NYPD officers file through a Queens courthouse at the trial against Guy Rivera, a Queens man whose gun fired the shot that killed 31-year-old NYPD Detective Jonathan Diller.
Photo by Dean Moses
After about eight hours of deliberation, a Queens jury on Wednesday delivered a mixed verdict against the man holding the gun that killed 31-year-old NYPD Detective Jonathan Diller during a March 2024 traffic stop.
Though they found Guy Rivera, 36, not guilty of murdering Diller in the first degree, the jury still found him at fault in Diller’s death, convicting him on the lesser charges of aggravated manslaughter and illegal weapons possession. They also found him guilty of the attempted first-degree murder of Diller’s partner, Sergeant Sasha Rosen, who stopped Rivera’s car along with Diller.
Queens District Attorney Melinda Katz and Patrick Hendry, president of cop union Police Benevolence Association, said they were glad Rivera will likely spend the rest of his life in prison, but were disappointed he was acquitted on the first-degree murder charge.

“These police officers know behind me that this was murder one [charge] on a New York City police officer,” Hendry said outside the courthouse. “This cold-blooded killer had no regard for human life … and carried a loaded firearm onto the streets. When our police officers approached him, he could have surrendered that illegal firearm, but no. He saw a police officer and didn’t care who was behind the uniform. He squeezed that trigger.”
Prosecutors charged Rivera after his gun shot and killed Diller during a stop on Mott Avenue in Far Rockaway. Rivera was a passenger; officers pulled over the car, driven by his friend Lindy Jones, because Rosen thought she saw Rivera carrying a gun earlier that evening.
The pair, along with three other officers in their Community Response Team, asked Rivera and Jones to lower the windows, open the doors and step out of the car, but Rivera remained inside, triggering a brief scuffle between him and police through the car window. It concluded with gunshots that ended Diller’s life.

Over a three-week trial, jurors repeatedly watched, and attorneys picked apart, body-worn camera footage of the incident.

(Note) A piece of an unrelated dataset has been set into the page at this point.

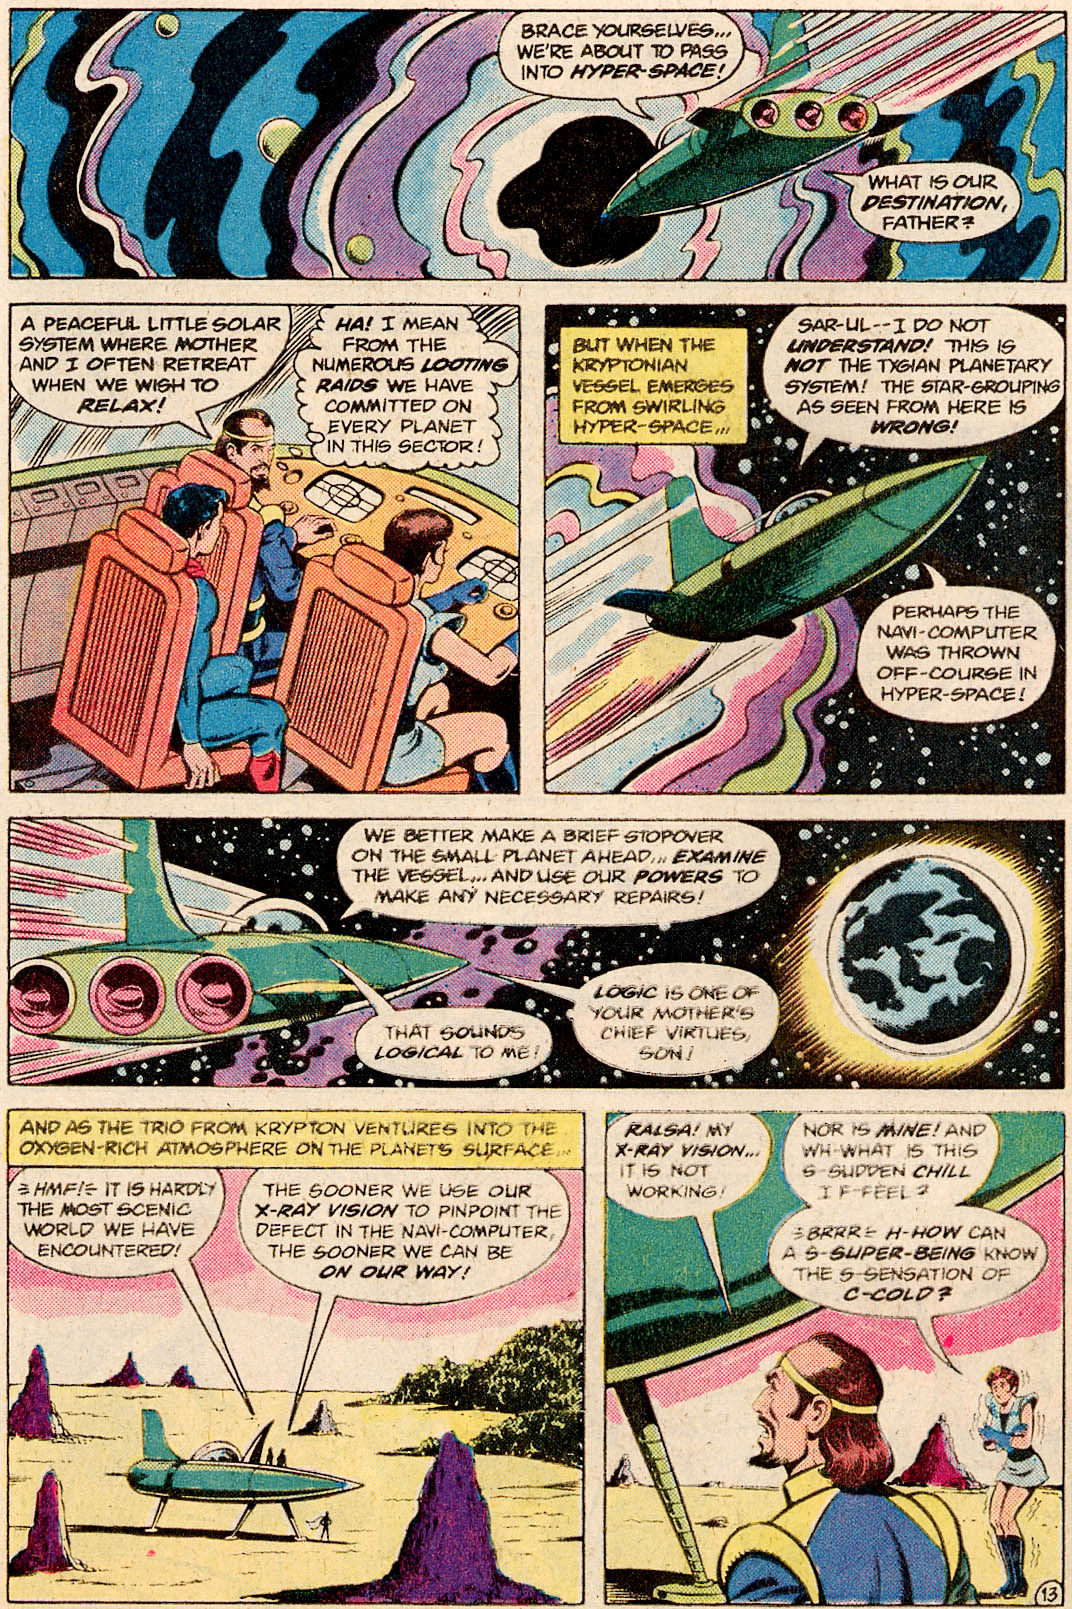 The New Adventures of Superboy 28 Page 13

Rivera’s attorney, Jamal Johnson of the Legal Aid Society, argued that Rivera did not intend to kill Diller, or even for his gun to go off. He said it was actually Rosen whose finger hit the trigger when she reached into Rivera’s car.
Johnson also told the jury the officers who took the stand had a motive to lie about what happened to protect themselves. Rivera was also shot in the March 2024 scuffle.

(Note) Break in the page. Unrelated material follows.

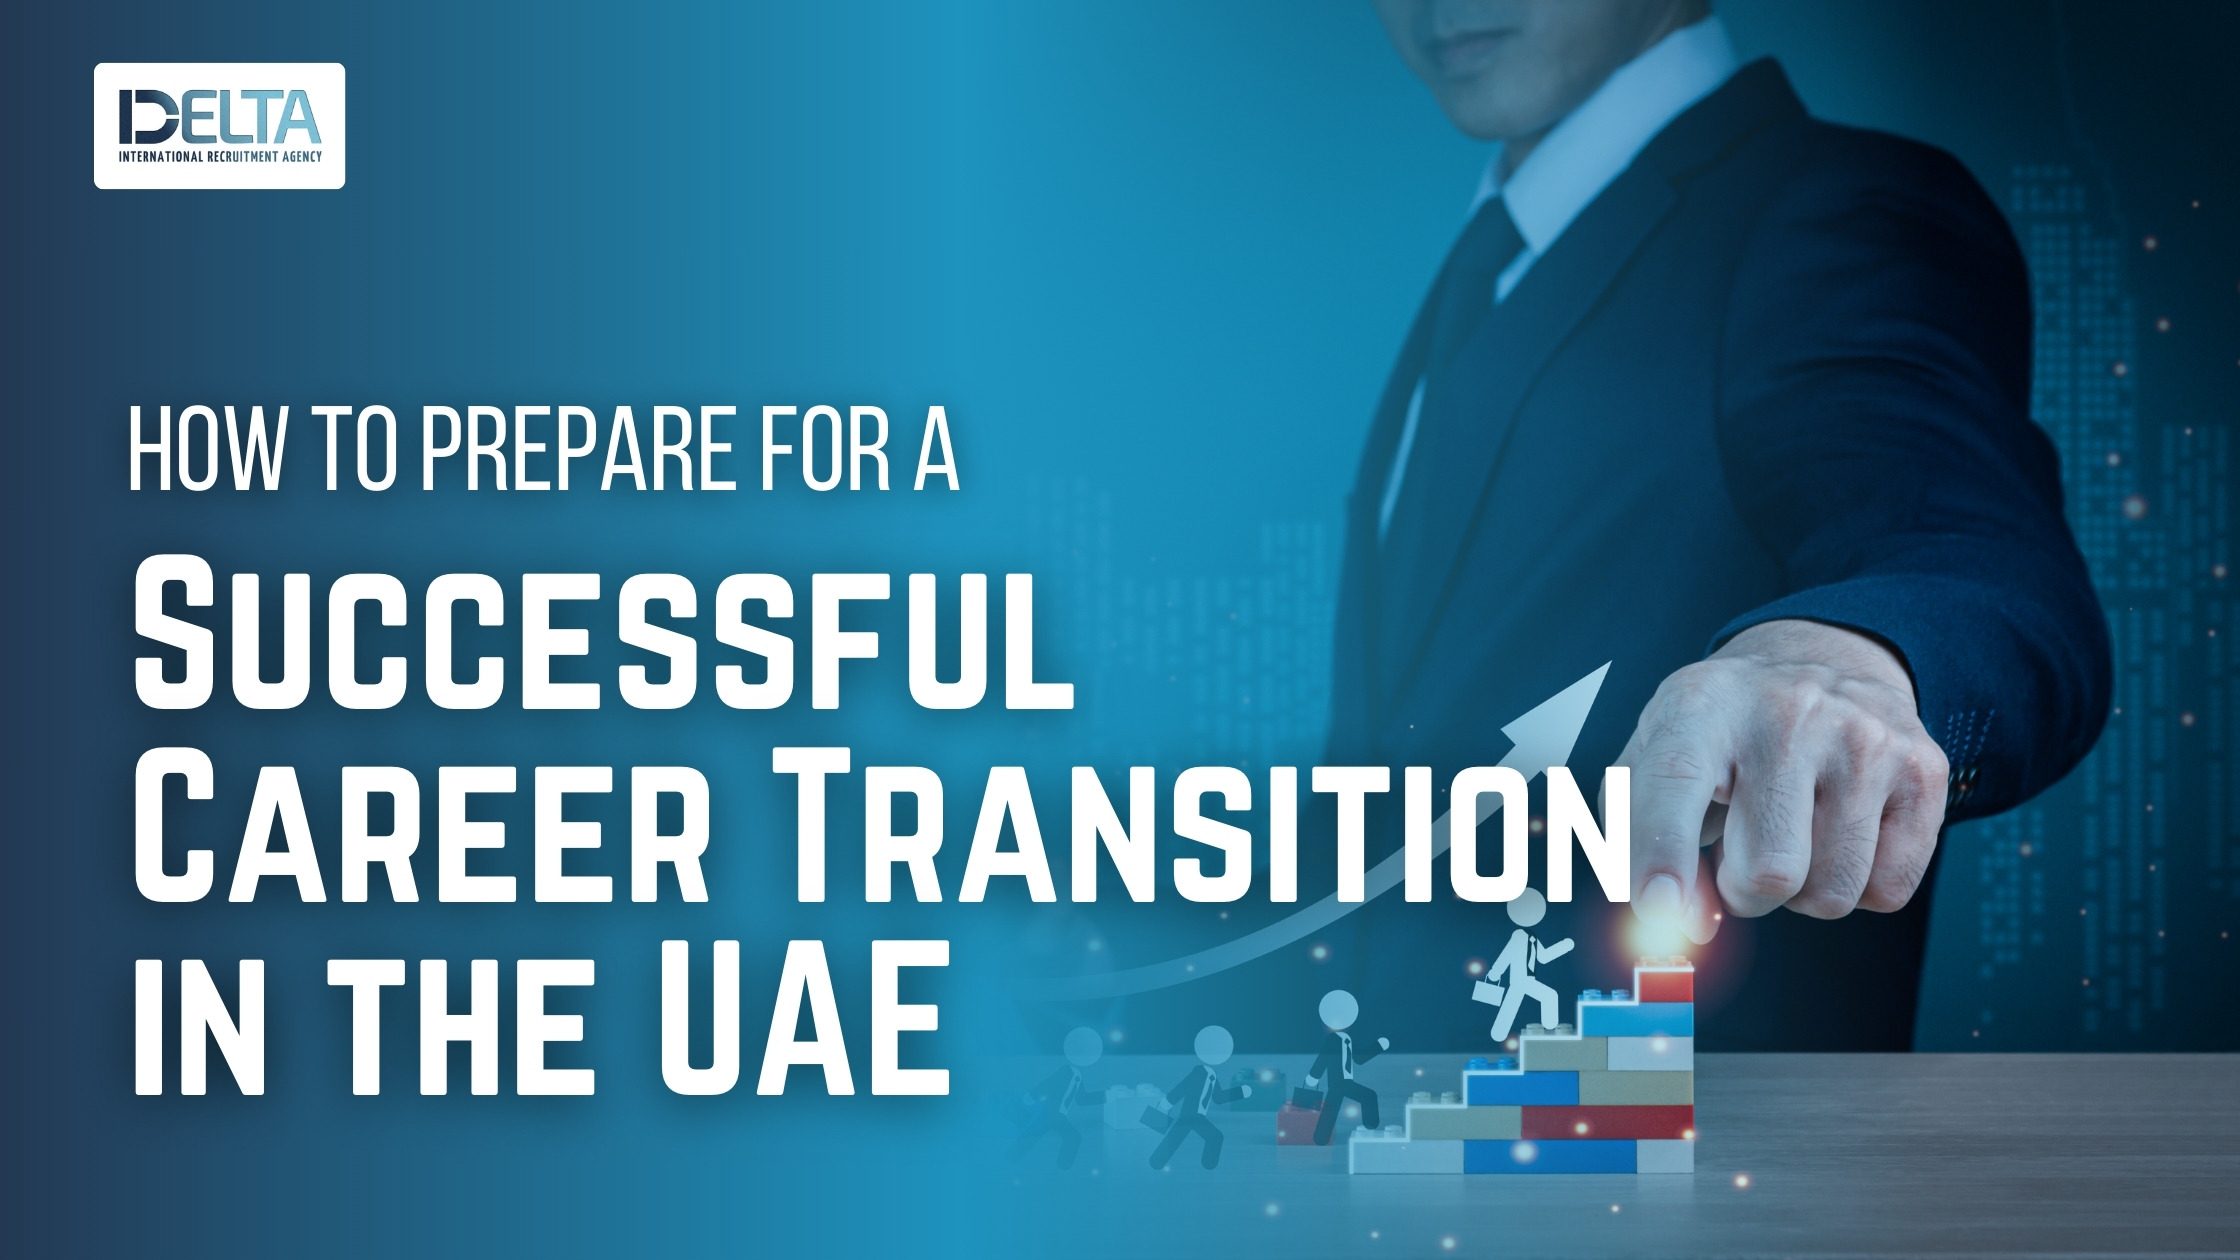 How to Prepare for a Successful Career Transition in the UAE?

Assistant District Attorney John Kosinski argued there was no doubt Rivera intended to kill Diller, who lived in Massapequa Park, saying he declined to cooperate with officers and acted with a disregard for life to save himself from potential arrest after being caught with an illegal weapon.

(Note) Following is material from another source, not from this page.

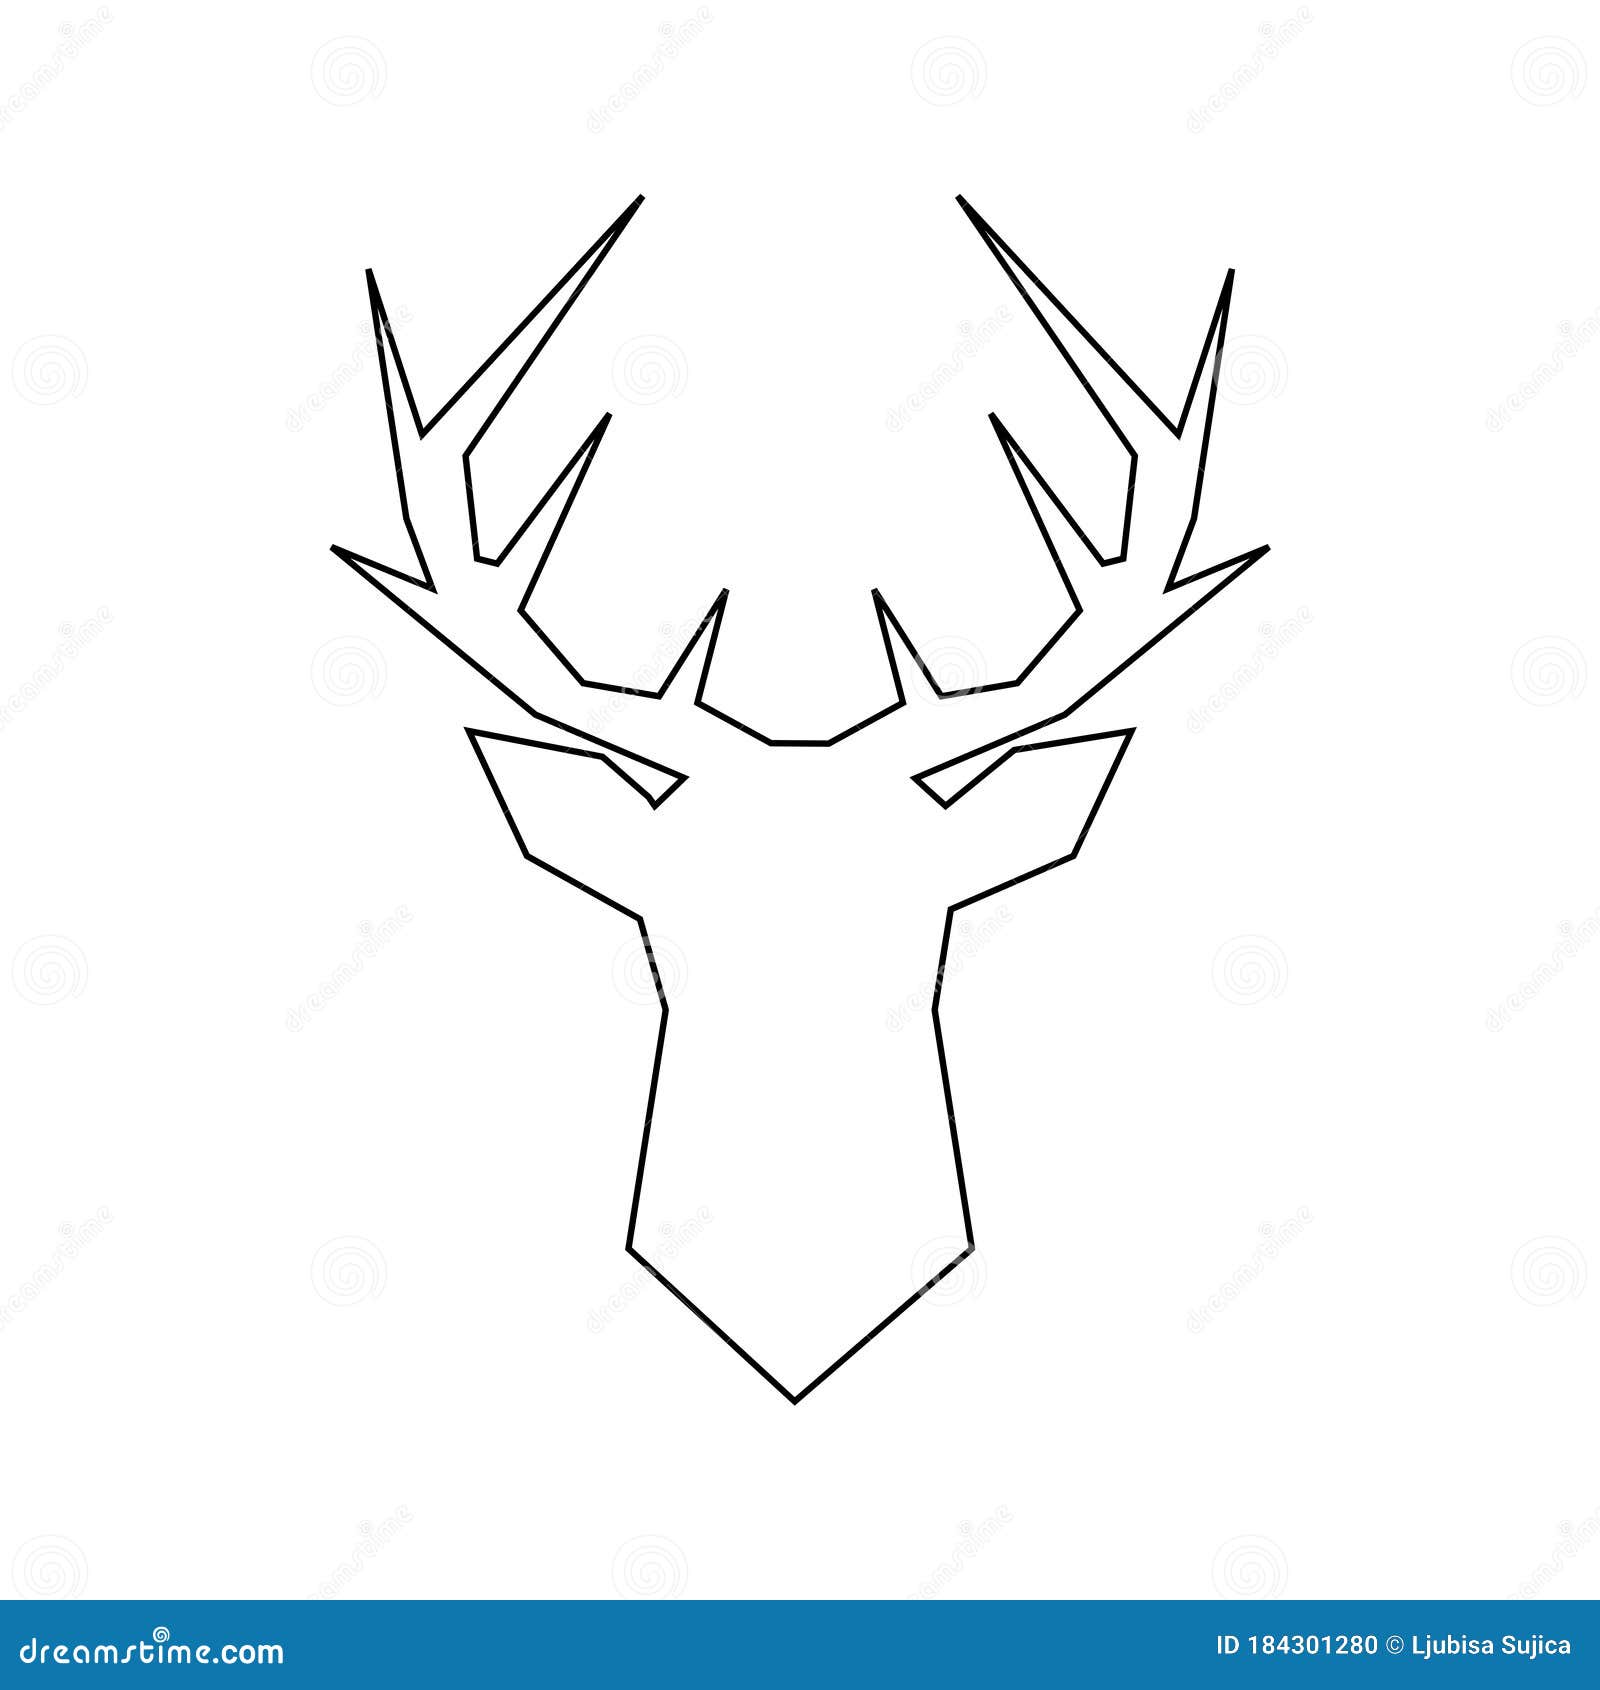 Hand drawn deer horns isolated on white background

Katz and Hendry portrayed Rivera as aggressively fighting back against and mocking officers during the encounter.
“Guy Rivera made a choice in not putting the gun down,” said Katz, who teared up through her own and Hendry’s remarks. “The shooting wasn’t accidental and it wasn’t impulsive. Guy Rivera wasn’t only armed with an illegal firearm, he was ready and willing to use it.”

Rivera’s verdict came after contention among the jurors. After the jury’s foreperson initially read out its verdict, the court clerk asked each juror whether that was their truthful verdict, a process that’s typically considered a formality. Juror No. 5, however, said no.
That sent the jury back into deliberations just before 5 p.m. Wednesday. They returned the verdict about two hours later.
Rivera, who has a criminal record, faces up to life in prison when he’s sentenced later this month, prosecutors said Wednesday.
In the past he served six years in prison on drug possession charges in 2016, during which he was also convicted of a hate crime for throwing feces and urine at officers.
Jones, who’s charged in a separate case related to the shooting, has 14 prior arrests on his record, including for an attempted murder charge and a domestic violence allegation.